RECORDS SHOWN ▸
-----
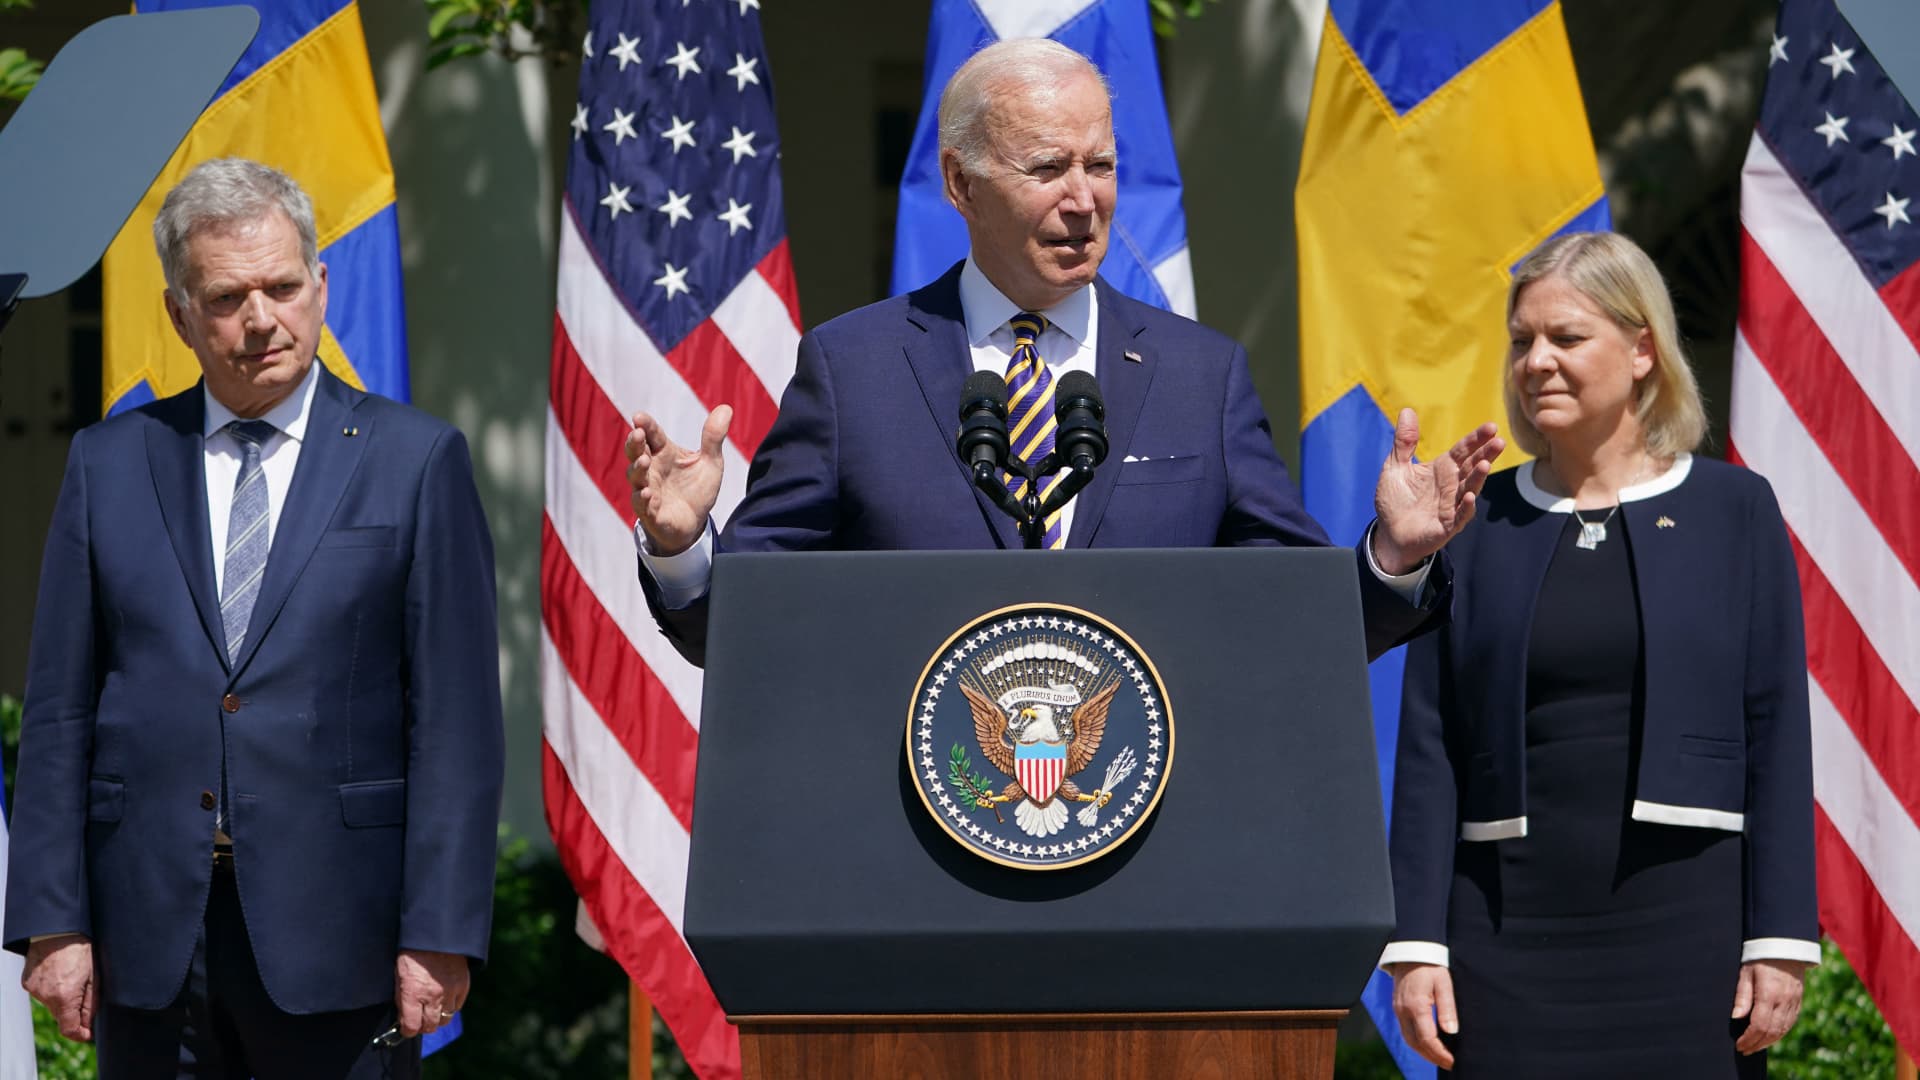 US President Joe Biden, flanked by Swedens Prime Minister Magdalena Andersson and Finlands President Sauli Niinistö, speaks in the Rose Garden following a meeting at the White House in Washington, DC, on May 19, 2022.
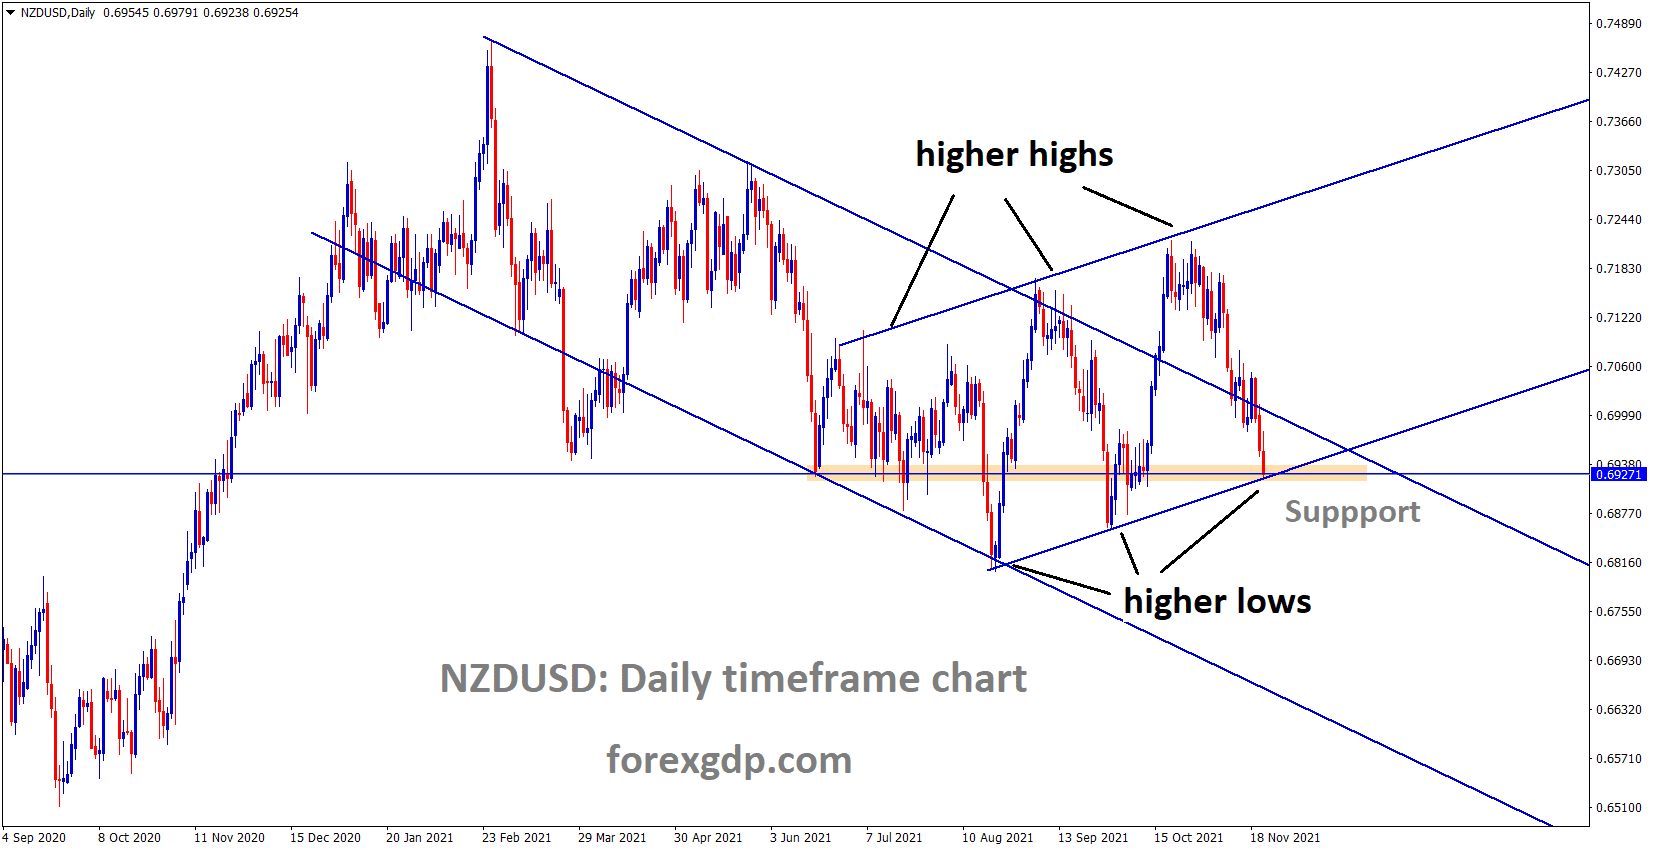 NZDUSD is moving in the Ascending channel and reached the higher low area
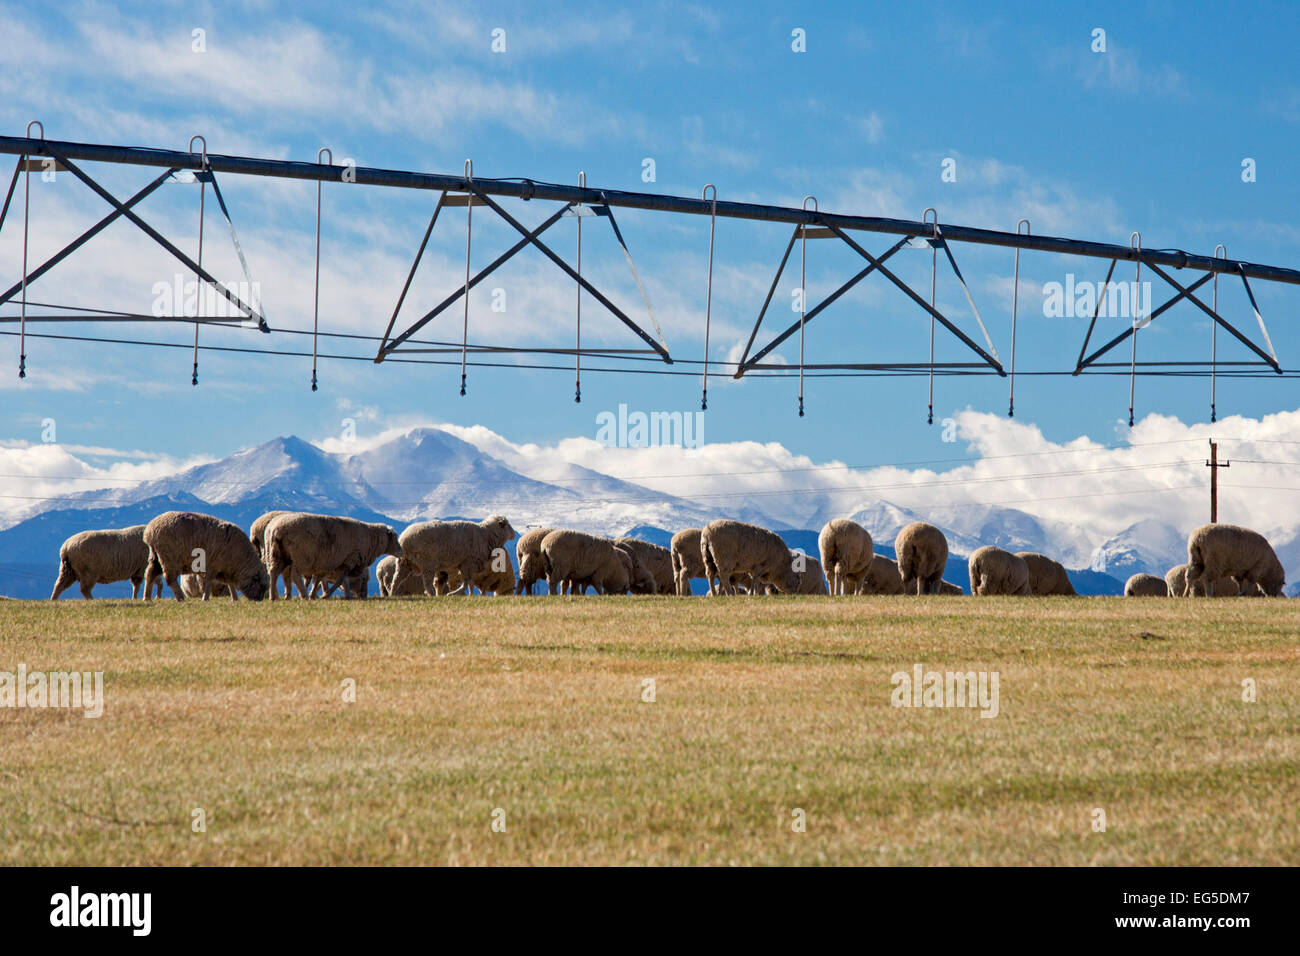 Ft. Collins, Colorado - Sheep graze below irrigation equipment on a ranch near the snow-capped Rocky Mountains. Stock Photo
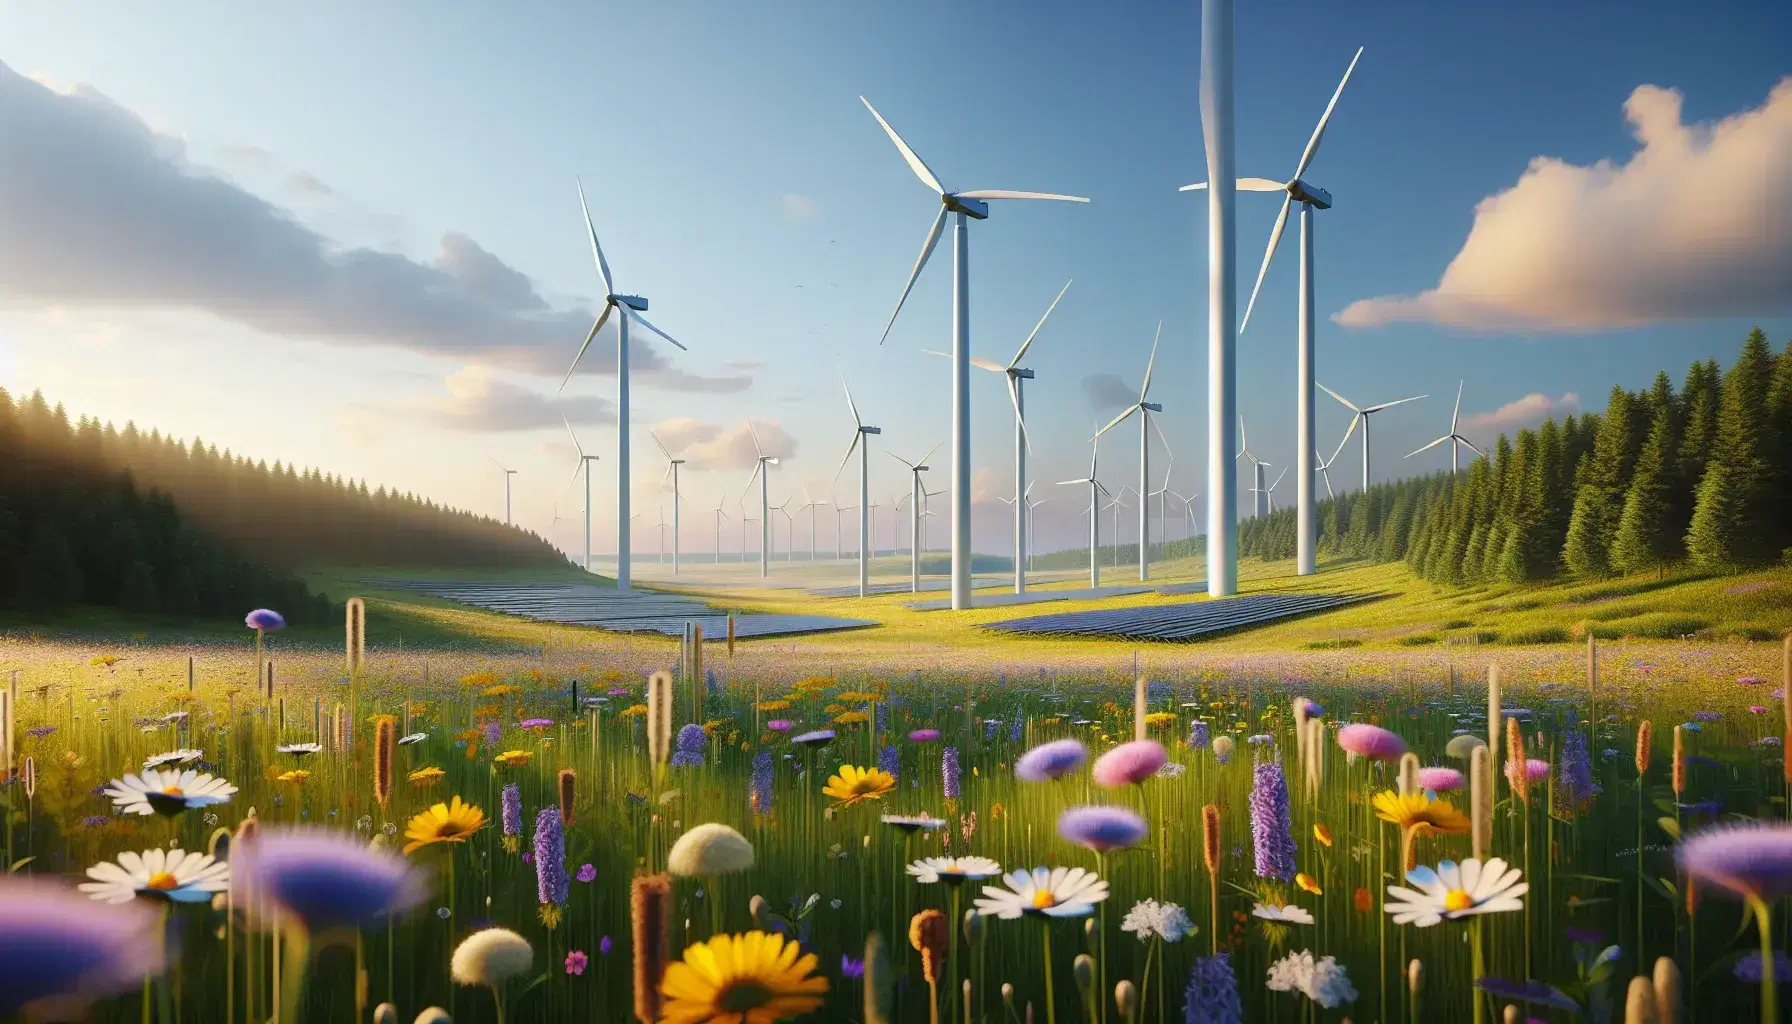 Landscape with wind farm, white turbines moving on green field with wild flowers, blue sky and solar panels.
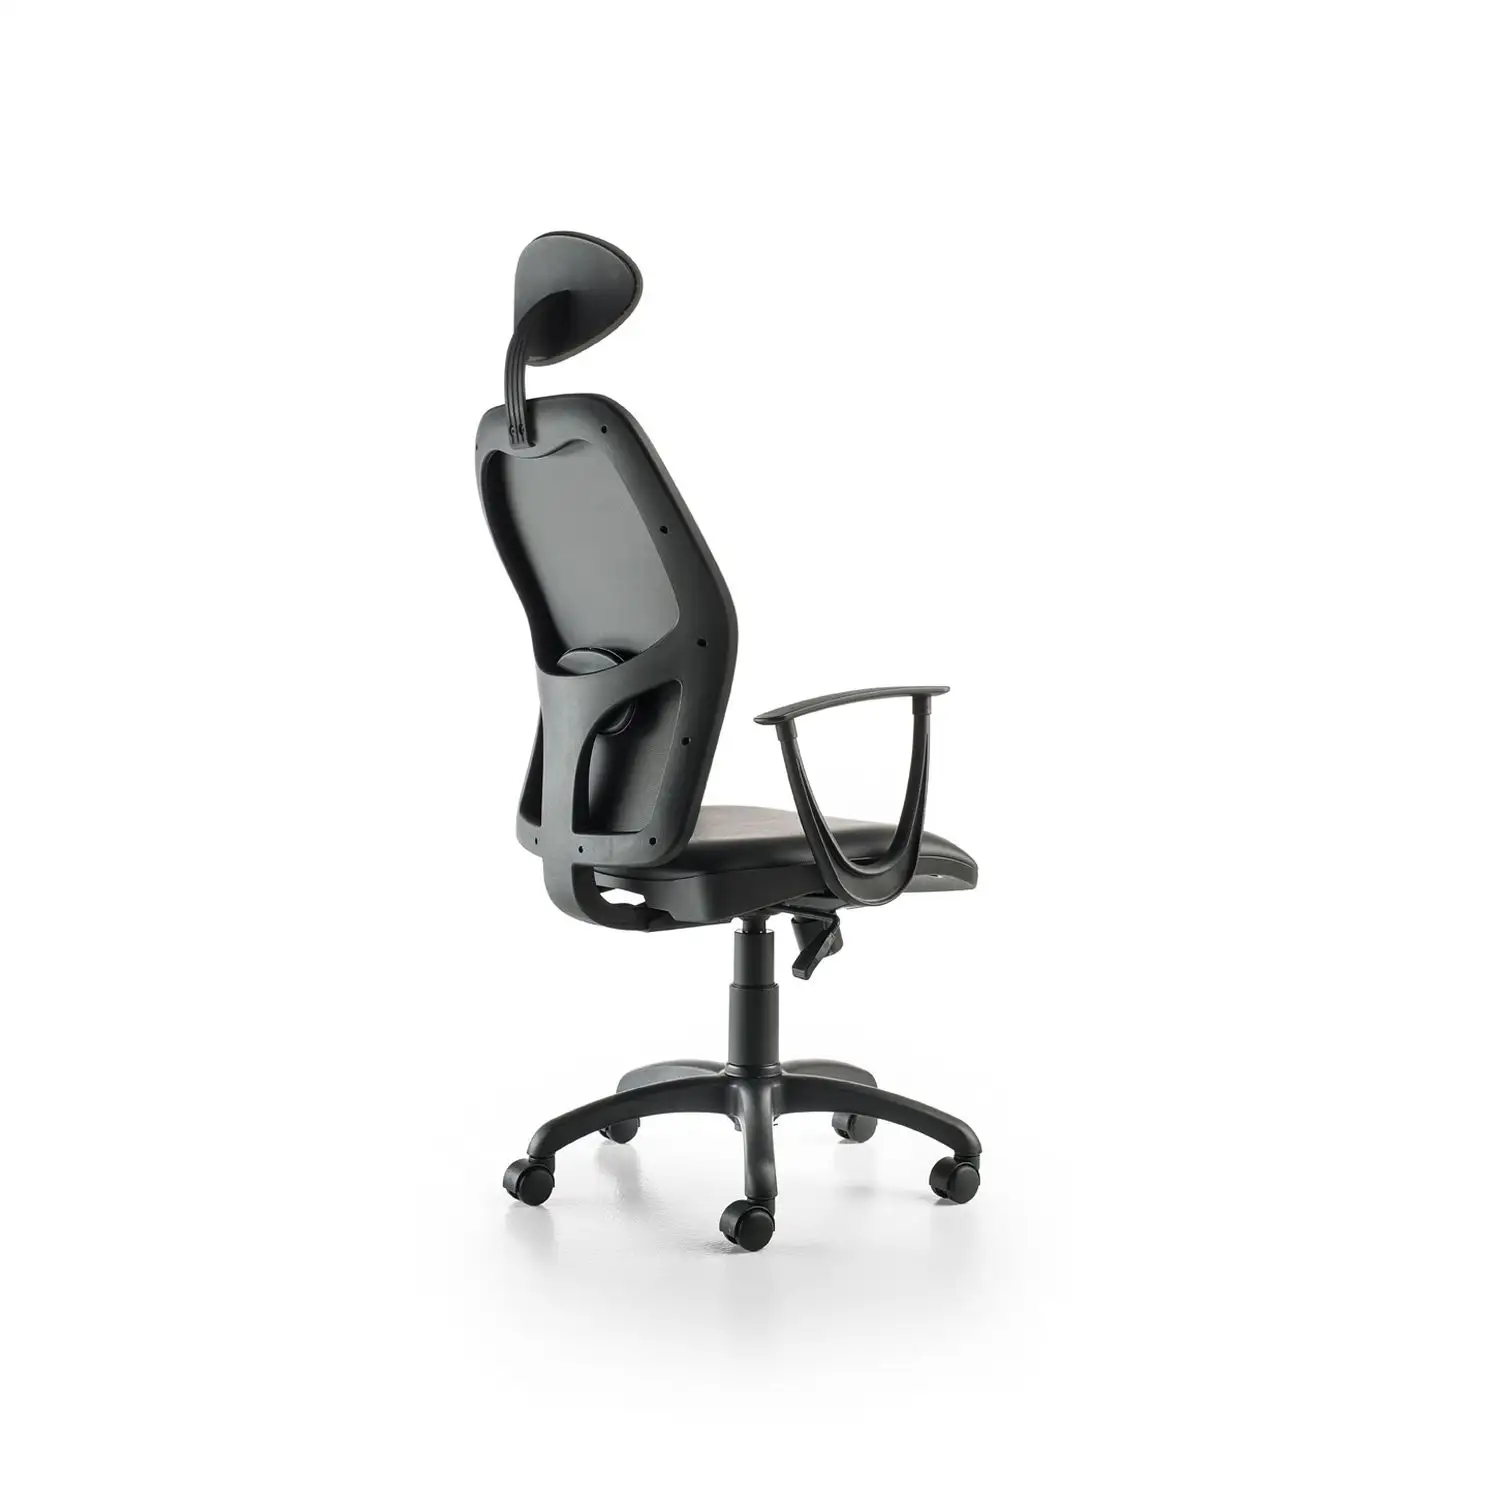 Globo Operative Chair - Professional Elegance with Robust Design - Tailored for the Modern Office
-----
WHAT NEEDS TO BE DONE ▸ Omit the pictures. Print, word for word, the lines from the beginning of the entries above through the line that holds "NZDUSD is moving".

FINISHED EXERCISE ▸
 US President Joe Biden, flanked by Swedens Prime Minister Magdalena Andersson and Finlands President Sauli Niinistö, speaks in the Rose Garden following a meeting at the White House in Washington, DC, on May 19, 2022.
 NZDUSD is moving in the Ascending channel and reached the higher low area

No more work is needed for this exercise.